Coleman noticed this at the very last moment.
With another floor-shaking impact, Bora slammed the scorpion truck into the wall. His truck pulled free from the wreckage. The scorpion truck’s undercarriage looked completely caved in. He had crippled the scorpion with one big hit.
Coleman scanned the wreckage. With relief he saw the reinforced cab had withstood the collision.

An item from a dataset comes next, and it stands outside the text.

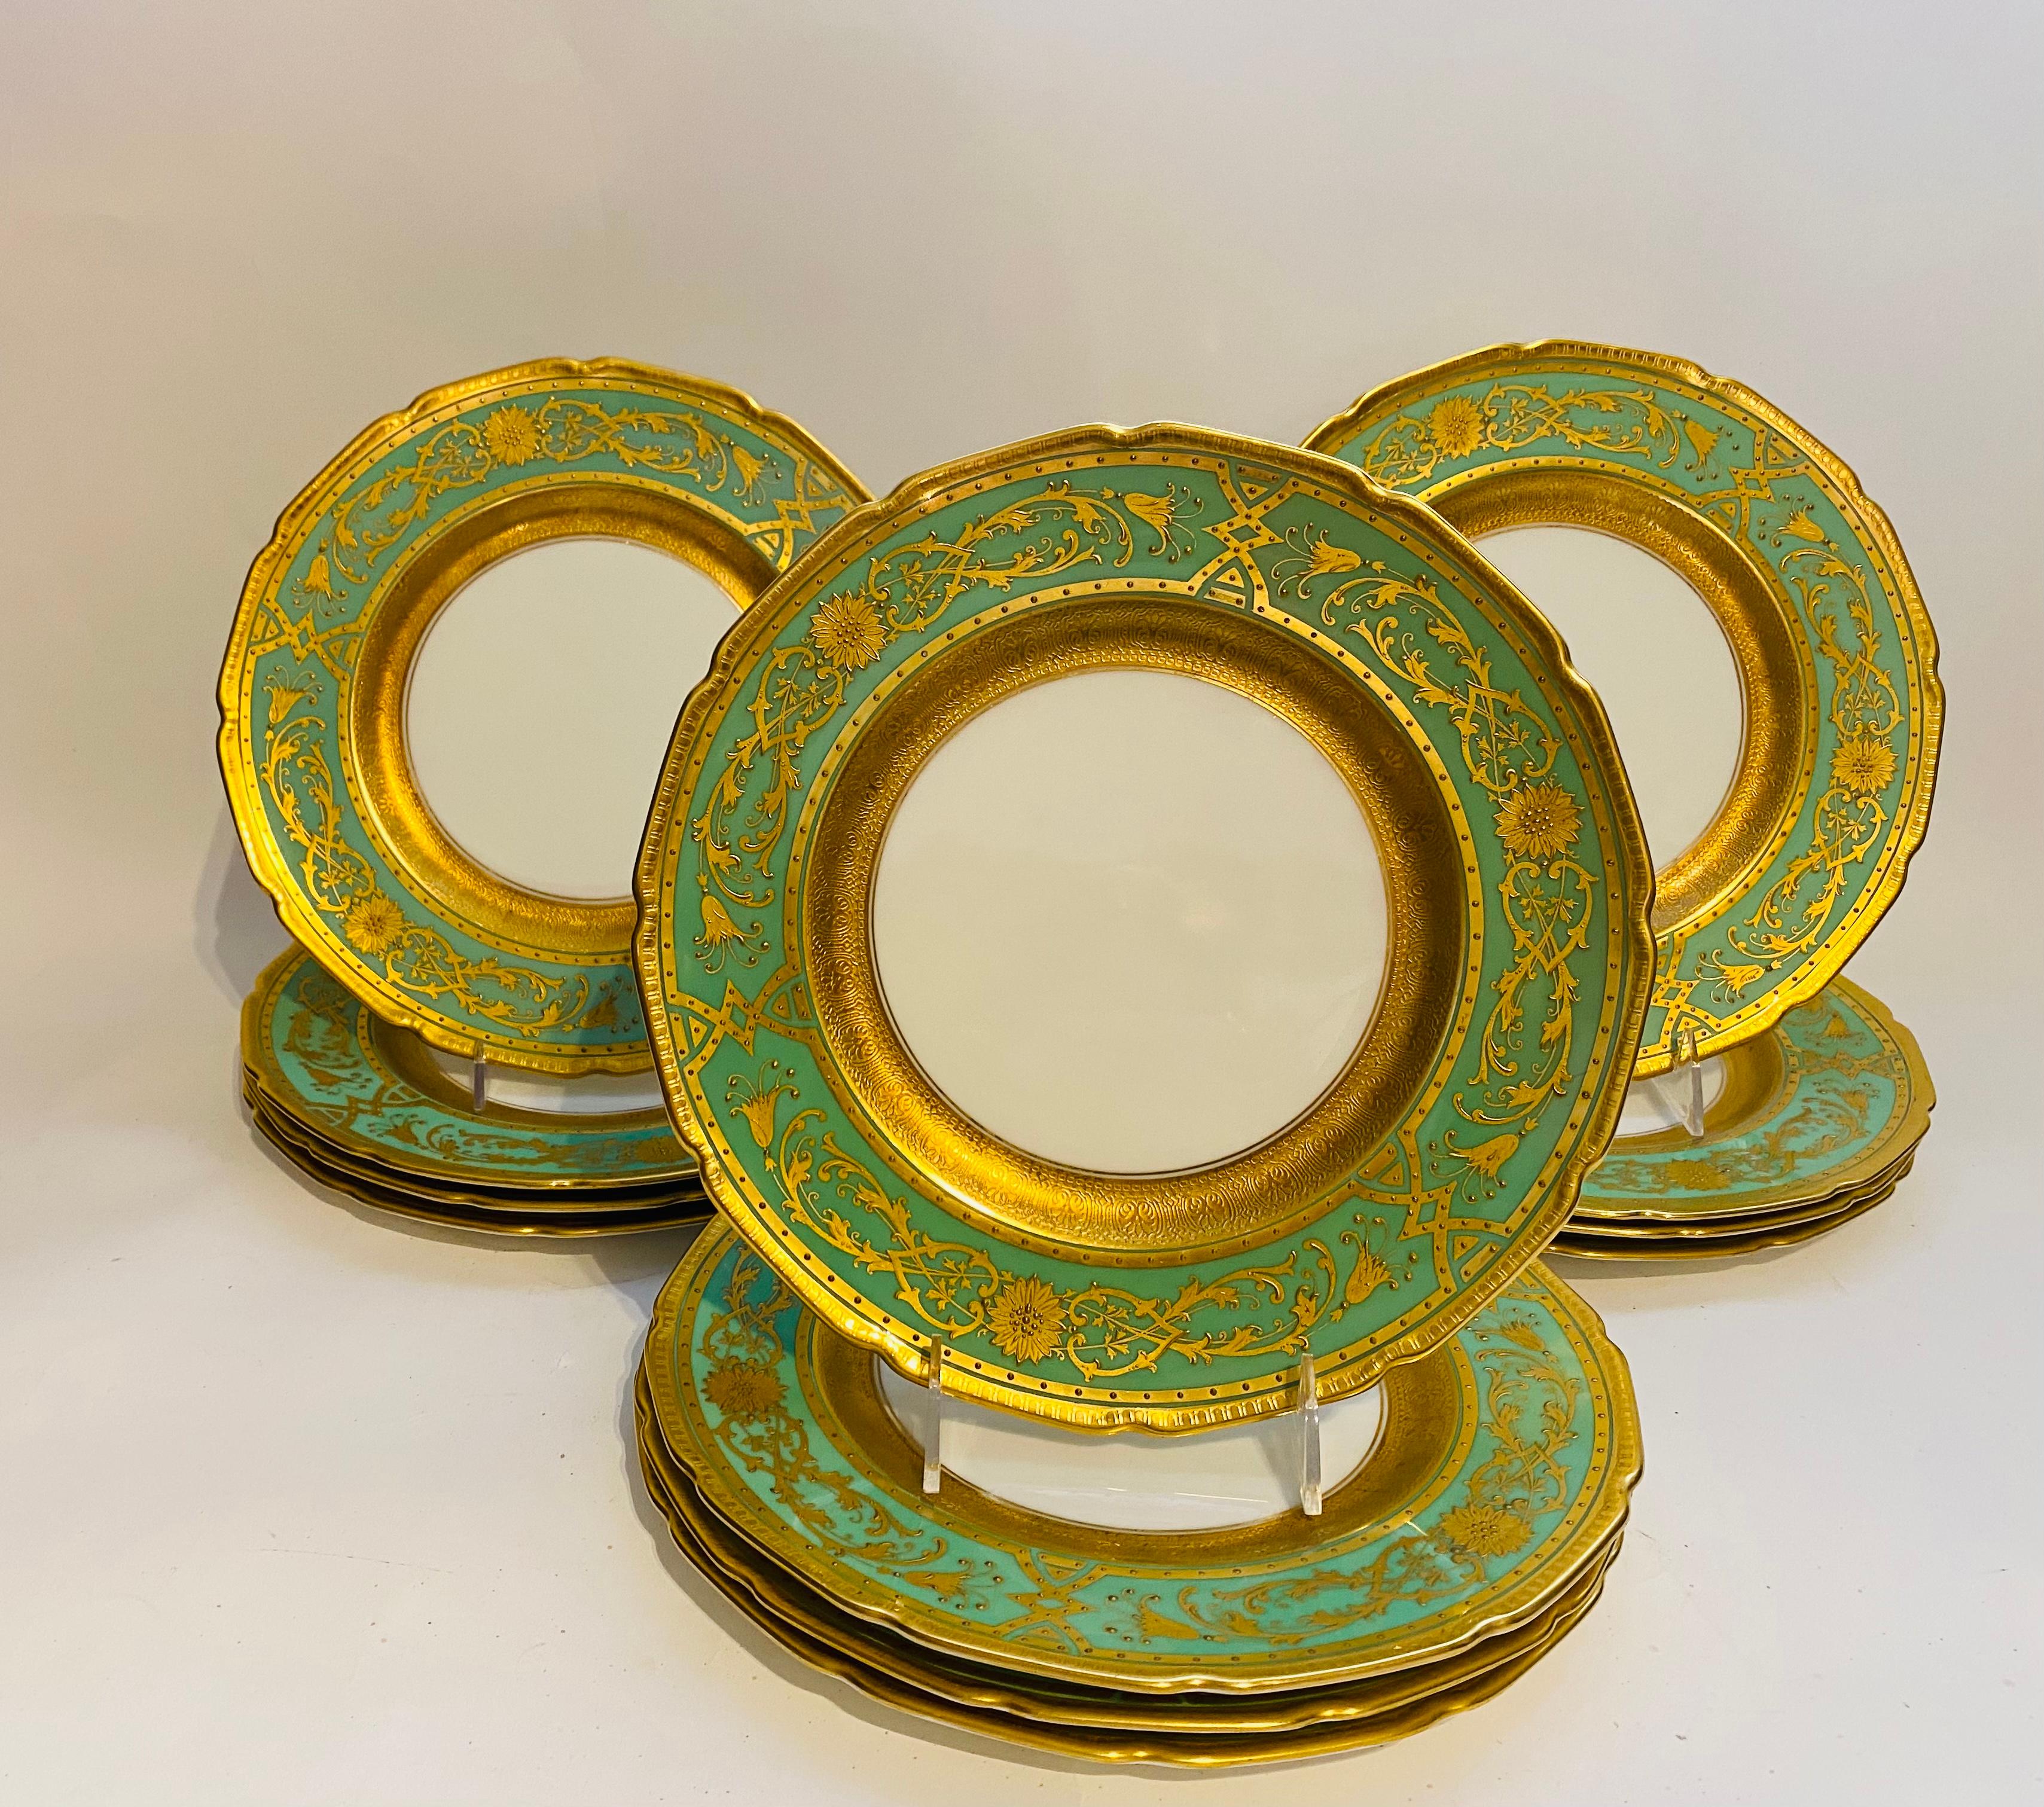 Another beautiful set of 12 dinner plates by Royal Doulton of England. This set features the classic Robert Allen shape and beautiful raised gilding on a vibrant green collar. Double 24 karat gilt bands surround this pretty pattern with the one that
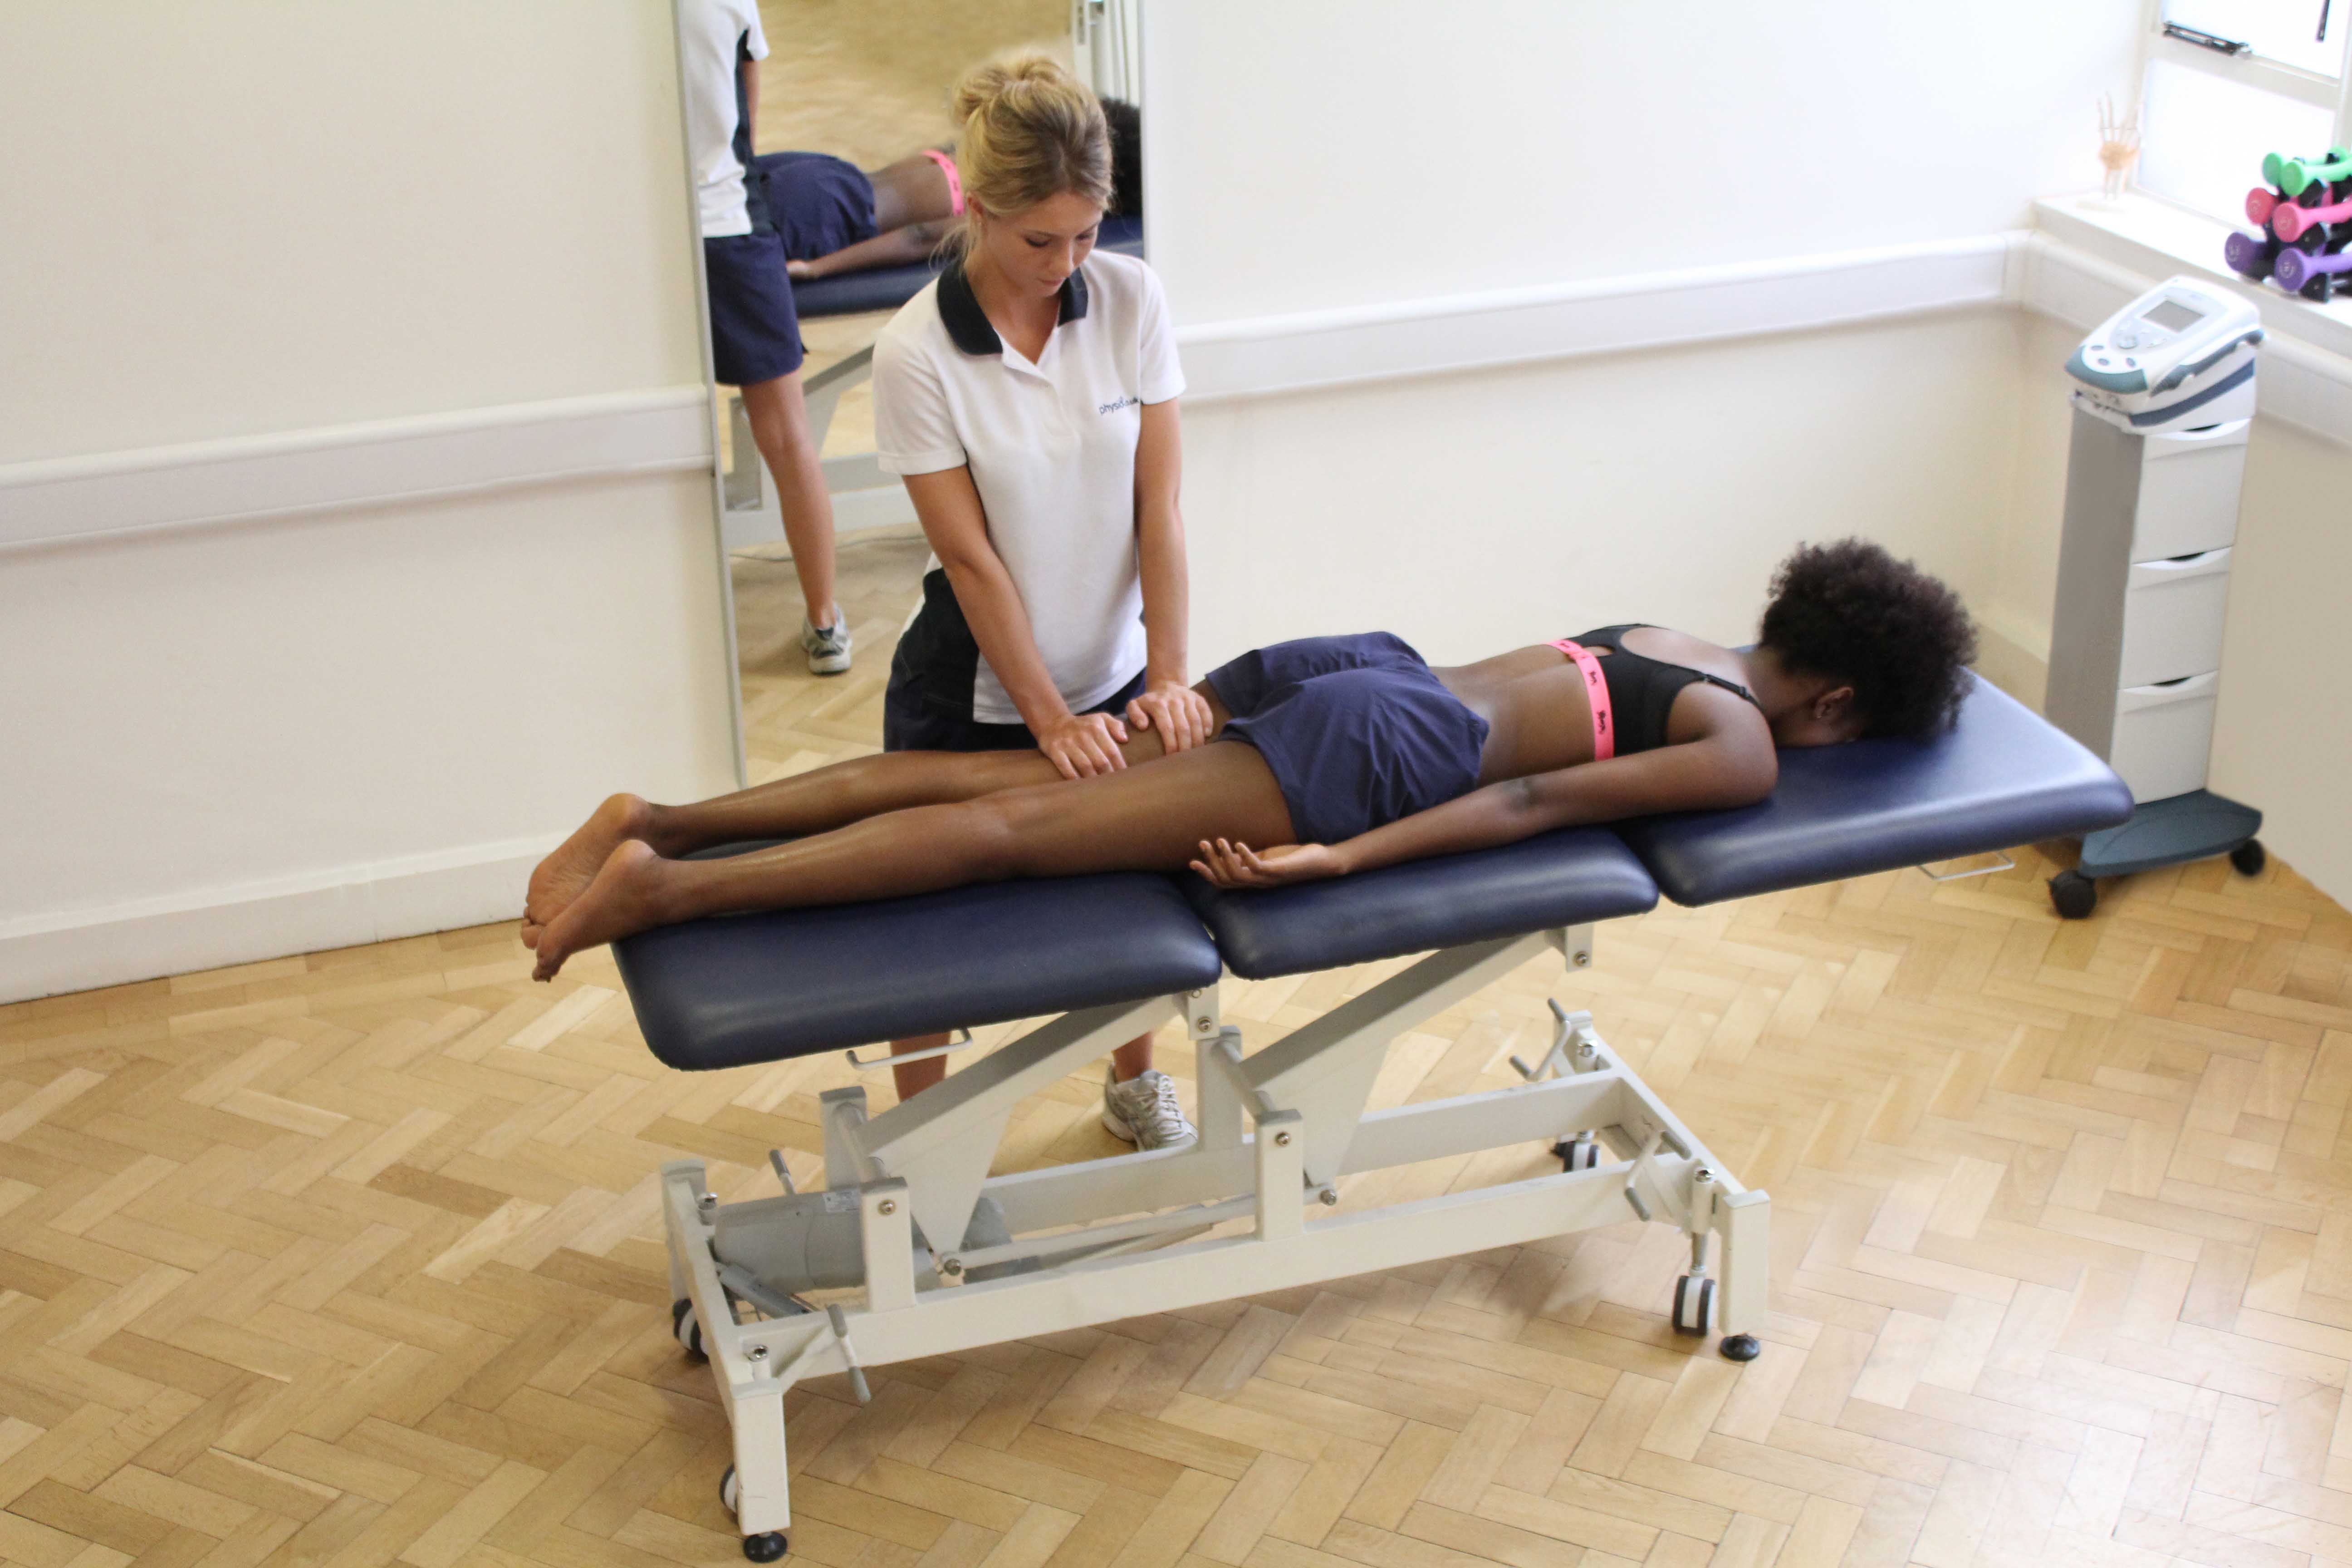 Compression massage applied to the hamstring muscles by experienced therapist

The danger to Forest and King would have come from the crumpling cab, but with the cab intact, there stood a very good chance both men were just shaken.
But they wouldn’t stay that way for long. Two gunmen ran towards the wreckage, weapons up and ready to fire. With the threat of the scorpion truck neutralized, the terrorists were organizing themselves. Coleman saw Cairns rise to his feet in the middle of the pedestrian loop.
Sitting at the wheel of the tray-back, Coleman faced a difficult choice. He needed to get a message out, but Forest and King needed urgent assistance. An idea crystallized in his mind.
Cairns locked his eyes on the tray-back. He gestured his men towards Coleman’s position.
Coleman’s first impulse was to try to run Cairns down, but he focused beyond Cairns towards the facility recessed into the eastern wall.
He spoke to Vanessa but kept his eyes locked forwards on Cairns. ‘B
ack in the rec reserve we talked about shutting down the power, remember? So the Evacuation Center could get their message out?’
‘Sure,’ she answered anxiously. ‘I remember.’
‘So where’s the transformer that serves the habitation level?’
She orientated herself quickly and then pointed through the windshield to the wall beyond Cairns. ‘Right there. You saw it before. The power runs through a riser in the east wall and serves those switchboards.’
‘Behind where those two terrorists are standing?’
‘Yeah - it’s right there.’
‘That’s what I thought,’ said Coleman. ‘Cairns has had those two guarding the switchboard this entire time. They haven’t moved once. If we can take out that switchboard, will that interrupt the jamming assets?’
Vanessa’s eyes unfocused for a second while she thought. ‘Absolutely. But not for long. Battery power will divert to the C-Guards in just over point four of a second.’
‘That’s enough for Harrison’s data packet to escape. How will we know if it worked?’
Vanessa shrugged. ‘The lights over the pedestrian loop are on the same switchboard. All the lights will go down for about five seconds if it works.’
Coleman gunned the truck.
Pressed back in her seat, Vanessa asked urgently, ‘But how are you planning to…no, wait! You can’t just ram into the substation! We’ll be crushed and then electrocuted.’
‘We need to get that message out. Just sit tight and hold on.’ Coleman snatched up the CB radio. ‘King. Forest. Get ready to move. Lights out in five seconds.’
Vanessa pointed at the radio. ‘It’s not working. Look, the creature trashed it!’
Coleman accelerated across the level. He rocketed past the wrecked fountain and straight towards the substation. Twenty-five meters from the substation, he jerked on the handbrake.
As soon as the truck started skidding, he spun the steering wheel hard left.
With tires wet from driving through the fountain wreckage, the tray-back jack-knifed around itself, making a sliding 180 degree turn in less than ten meters. Coleman spun the wheel back, catching the momentum of the truck.